◆ REQUIRED WORK: Look through the listing below for the line containing "Mike Pence, vicepresidente". Copy it and each line after it up to and including the line containing "MiNr. 1327 - 1329", exactly, leaving out pictures.

[SOURCE MATERIAL]

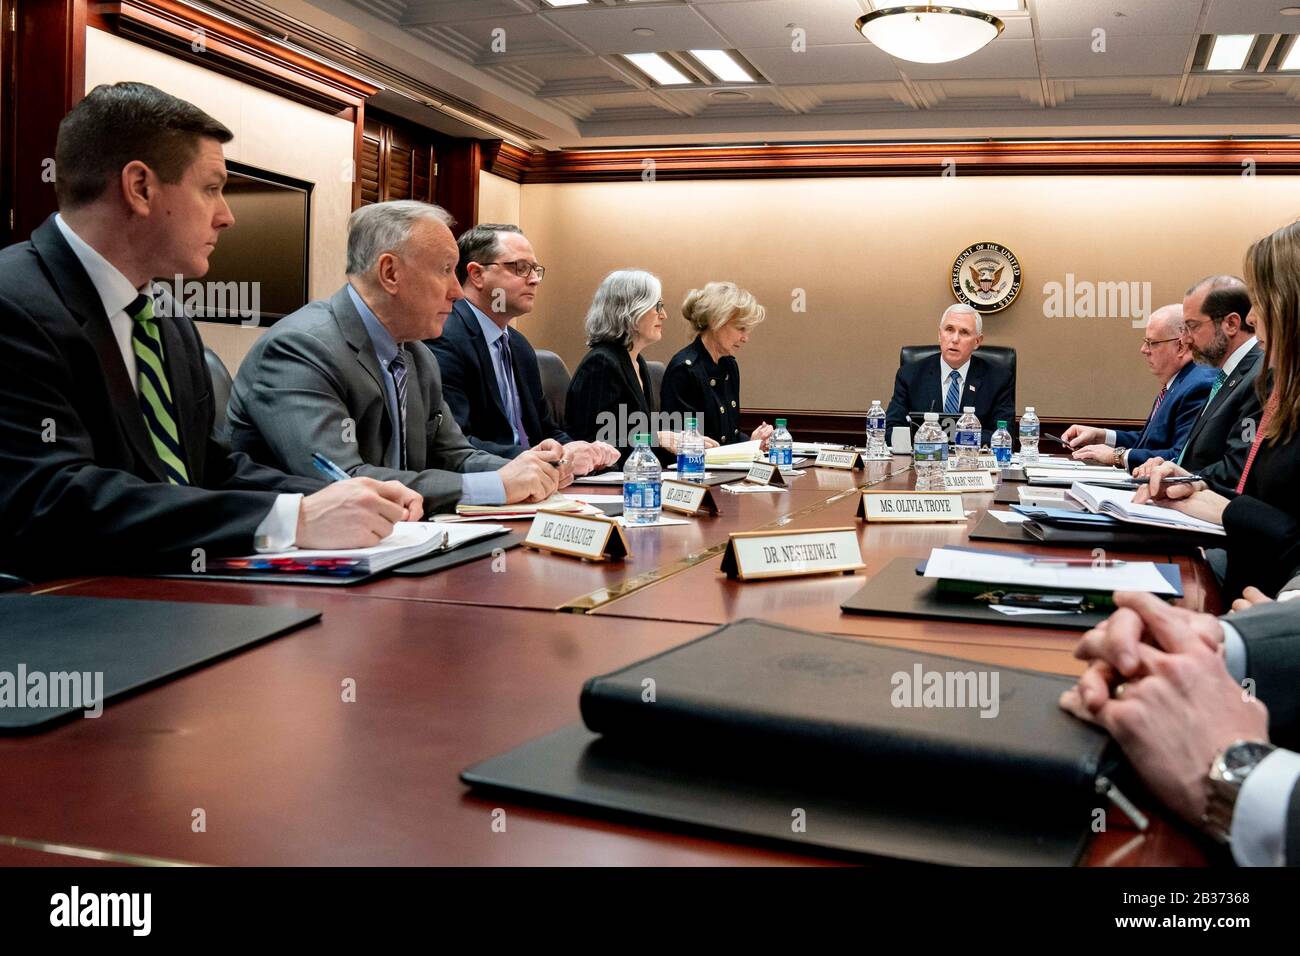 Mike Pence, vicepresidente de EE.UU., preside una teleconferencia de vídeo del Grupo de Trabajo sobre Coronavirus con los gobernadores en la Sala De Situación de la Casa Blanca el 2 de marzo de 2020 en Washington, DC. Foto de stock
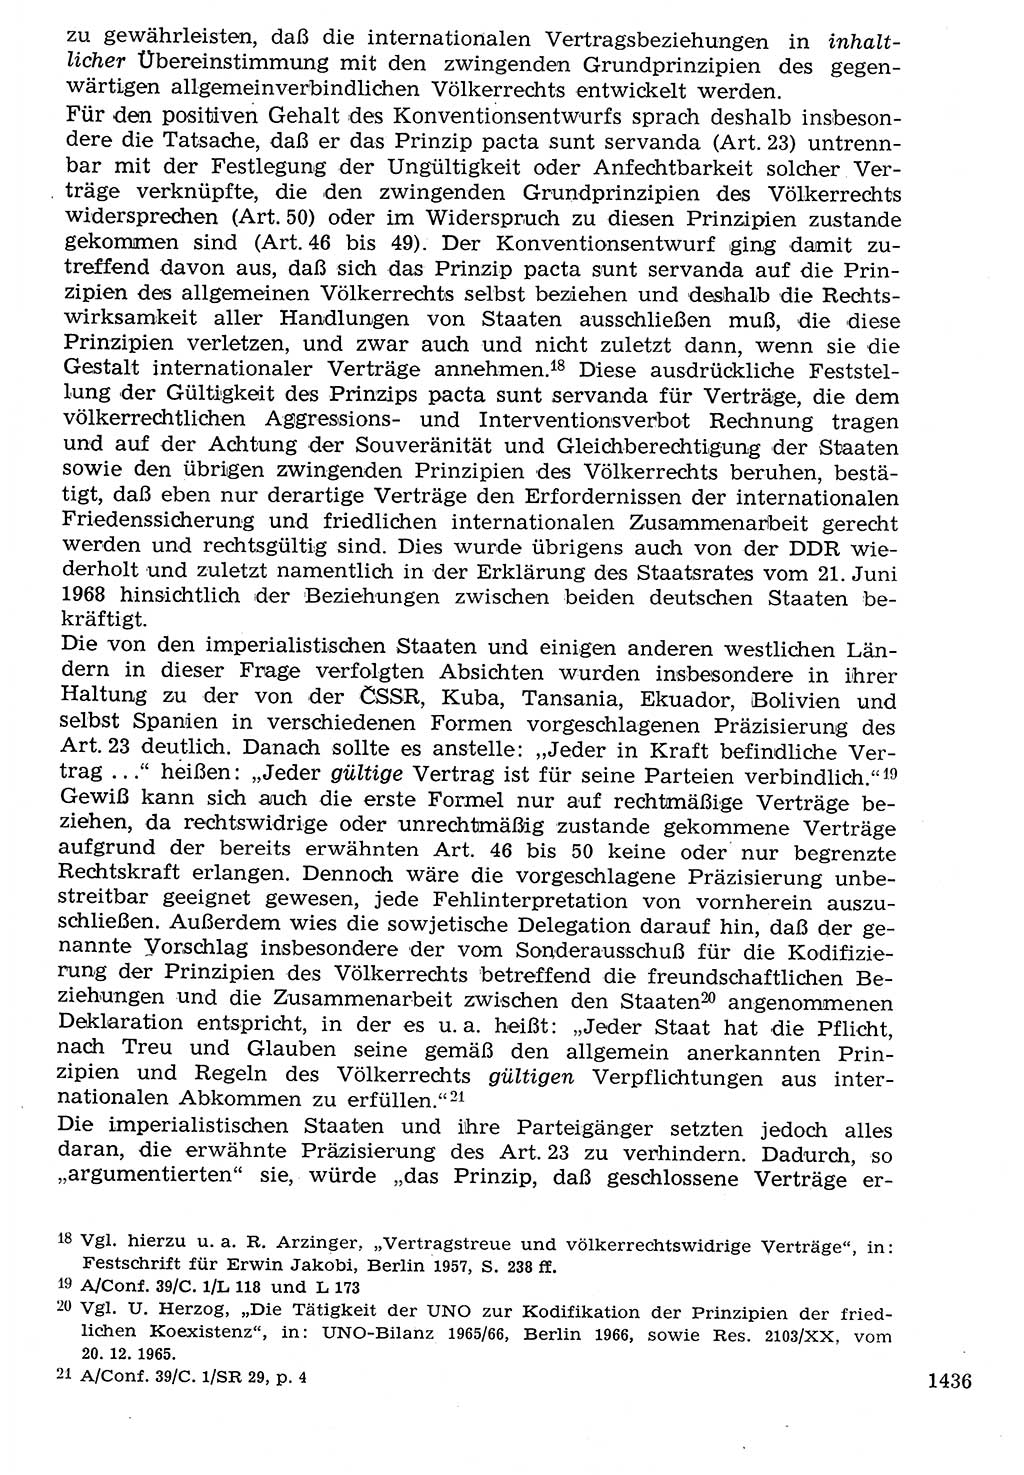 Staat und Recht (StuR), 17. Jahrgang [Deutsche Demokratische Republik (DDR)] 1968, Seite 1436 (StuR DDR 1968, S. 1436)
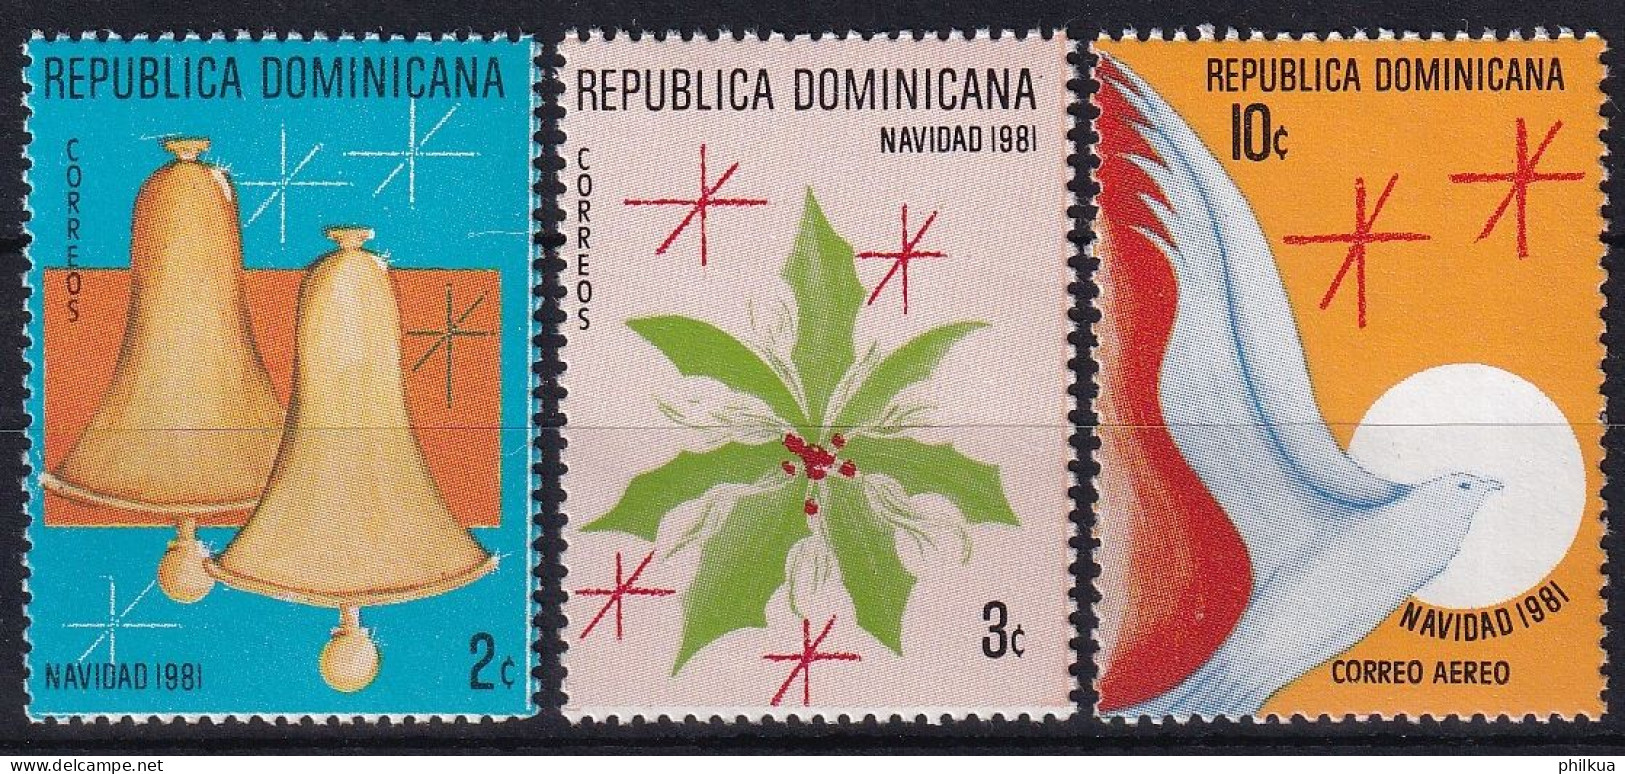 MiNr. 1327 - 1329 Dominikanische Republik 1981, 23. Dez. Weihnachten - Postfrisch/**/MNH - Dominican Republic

[/SOURCE MATERIAL]
[SOURCE MATERIAL]

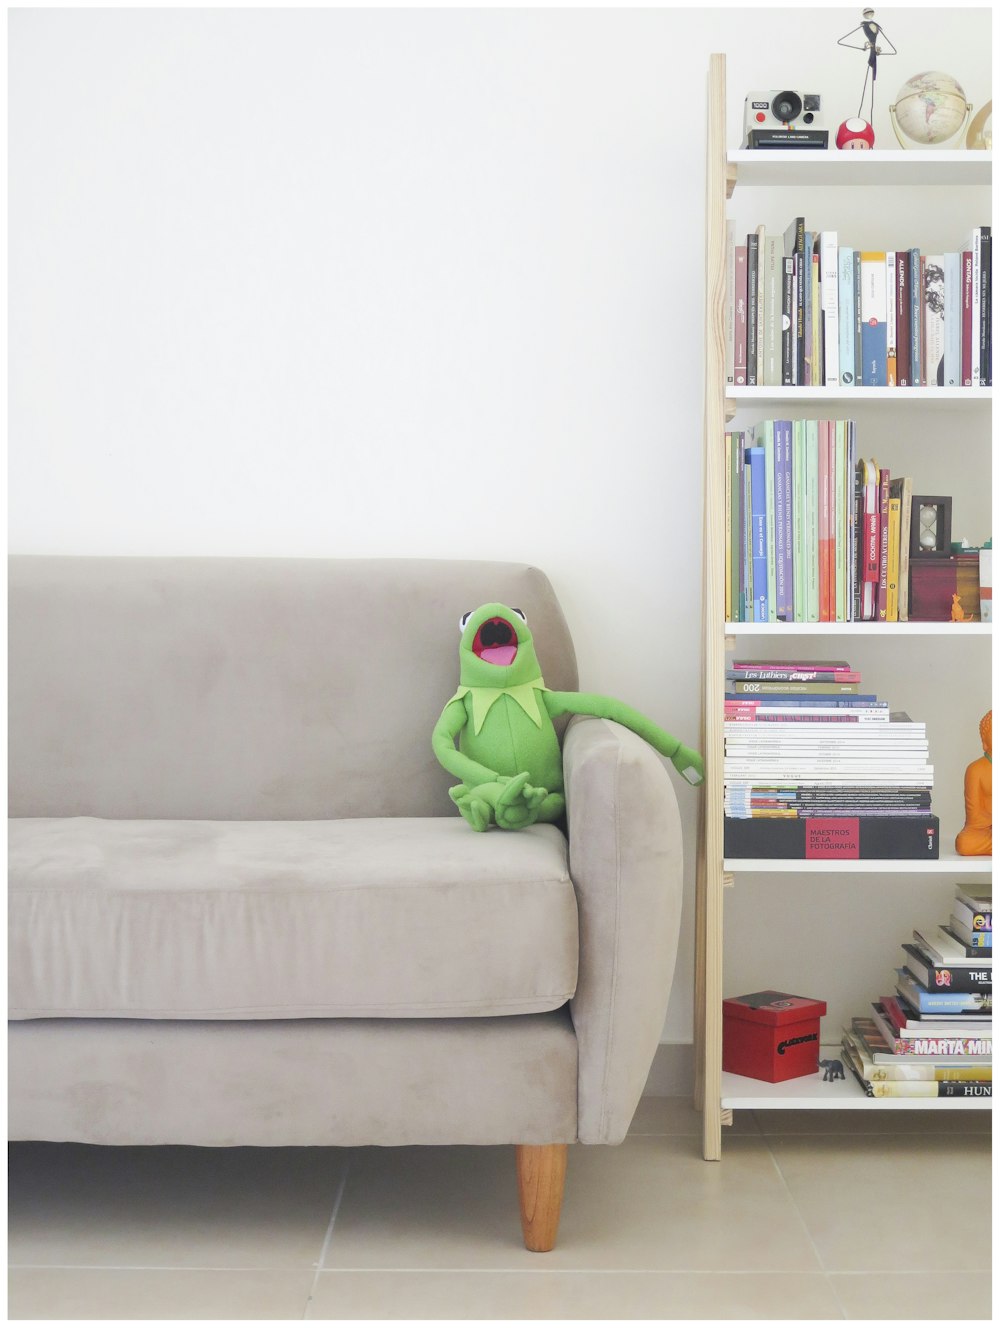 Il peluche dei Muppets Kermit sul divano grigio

[/SOURCE MATERIAL]
[SOURCE MATERIAL]

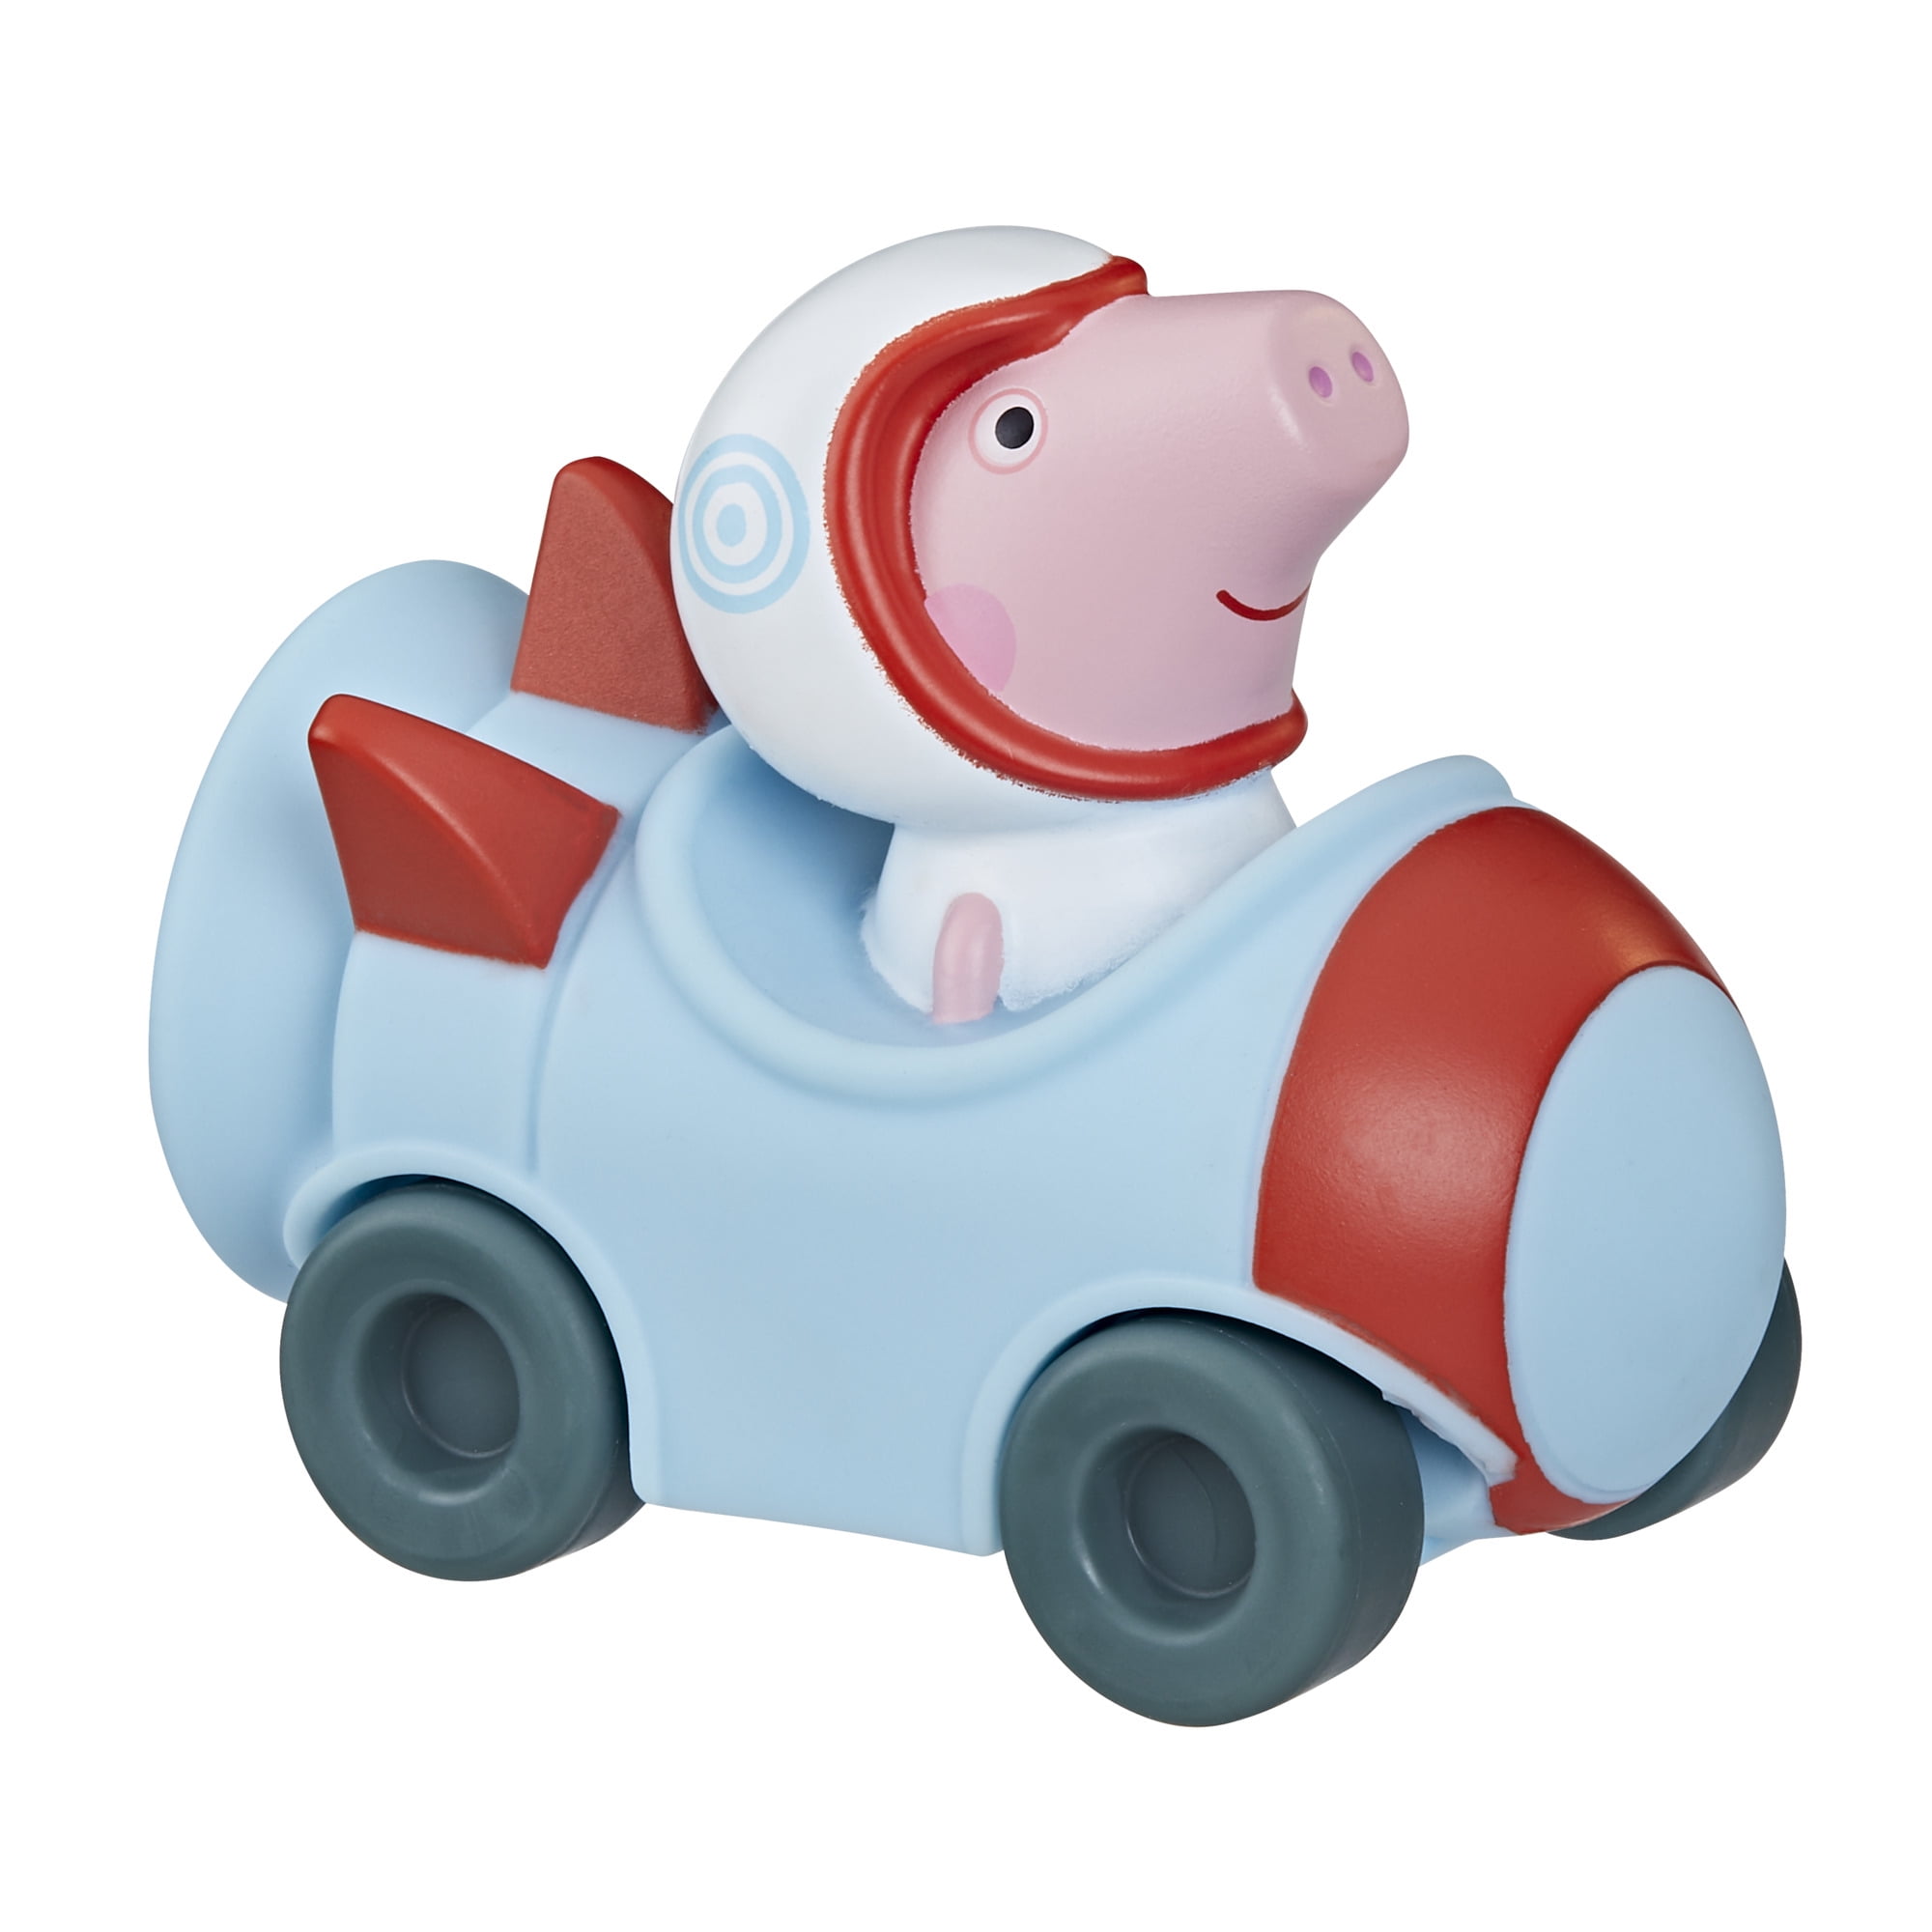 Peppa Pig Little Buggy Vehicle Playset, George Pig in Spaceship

[/SOURCE MATERIAL]

◆ EXERCISE RESULT:
 Mike Pence, vicepresidente de EE.UU., preside una teleconferencia de vídeo del Grupo de Trabajo sobre Coronavirus con los gobernadores en la Sala De Situación de la Casa Blanca el 2 de marzo de 2020 en Washington, DC. Foto de stock
 Staat und Recht (StuR), 17. Jahrgang [Deutsche Demokratische Republik (DDR)] 1968, Seite 1436 (StuR DDR 1968, S. 1436)
 MiNr. 1327 - 1329 Dominikanische Republik 1981, 23. Dez. Weihnachten - Postfrisch/**/MNH - Dominican Republic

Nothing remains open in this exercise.